FAIR Health commissioned independent analytics on the site and found that 56% of users were female, that more than half were 44 years or younger, and that the site was heavily used for out-of-network services; 29% denoted their insurance status as out-of-network, compared with 25% in-network, 30% unsure, and 14% uninsured.
We examined the use of the website by combining 3 sets of data. FAIR Health also provided us with information on the utilization of the original website from January 1, 2016, to September 11, 2017, and the enhanced, redesigned website from September 12, 2017, to August 9, 2018. Searches for the procedures included in the list of 104 procedures included in the randomization represented just under 15% of the total searches. Finally, we licensed and studied an extract of the FAIR Health claims database for New York State for the time period from January 1, 2016, through June 30, 2019, of the 104 codes for which information on provider-level billed charges, limited patient information (gender, age band), and claims information (insurer identifier, product, line of business, in-network status) was available in either all or some geozips. We used the claims data for 2016, which represents a full calendar year prior to the launch of the price transparency tool, to construct information about the use of each procedure and market characteristics of each of the 31 geozips in New York State. These claims data represent claims from plans that cover 90% of the commercially insured population of New York State and include claims from Medicare Advantage and managed Medicaid plans. The line-level claims data include information on the National Provider Identifier of the billing provider, Current Procedural Terminology (CPT)/Healthcare Common Procedure Coding System (HCPCS) code billed, billed charge amount, number of units billed, insurance line of business, type of insurance product, date of service, and deidentified basic patient demographic information.

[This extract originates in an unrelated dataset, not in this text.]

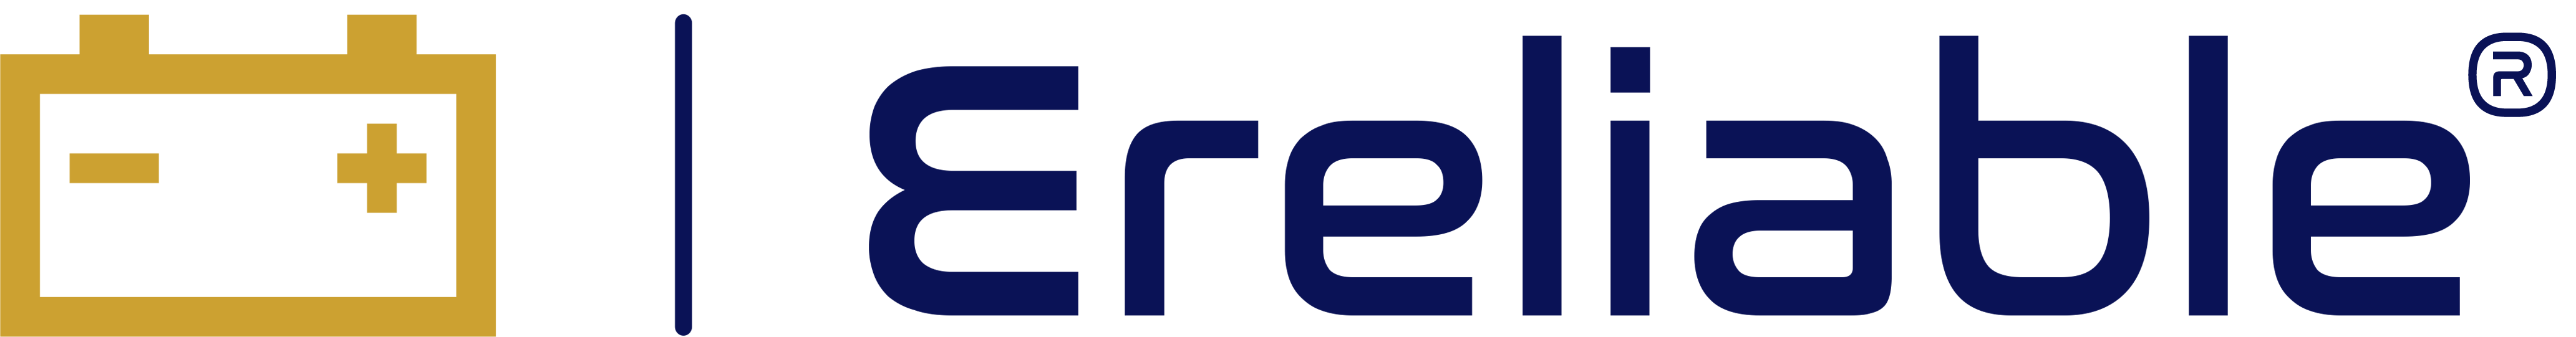 Ereliable Logo im Banner

Consumer shopping behavior. An important goal for price transparency tools is to harness consumer shopping to drive price containment. This strategy focuses on the use of tools to guide shopping behavior and is likely to be most effective for shoppable services. Prior research has classified health services as shoppable if they are defined as commoditized (ie, the services are not differentiated between providers, such as laboratory and imaging services) and nonemergent. This kind of shopping behavior may also be enhanced if consumers have access to data on episodes of treatment rather than individual procedures.29 We examined the codes searched on the NYHOST site to see whether actual shopping behavior corresponded to prior conjectures about what services are or are not shoppable.30,31
We categorized the most commonly searched codes and assessed whether certain characteristics defined the services searched. Within the medical category, we classified the CPT/HCPCS codes based on a combination of the CPT code ranges defined by the American Medical Association and the Clinical Classifications Software developed by the Agency for Healthcare Research and Quality.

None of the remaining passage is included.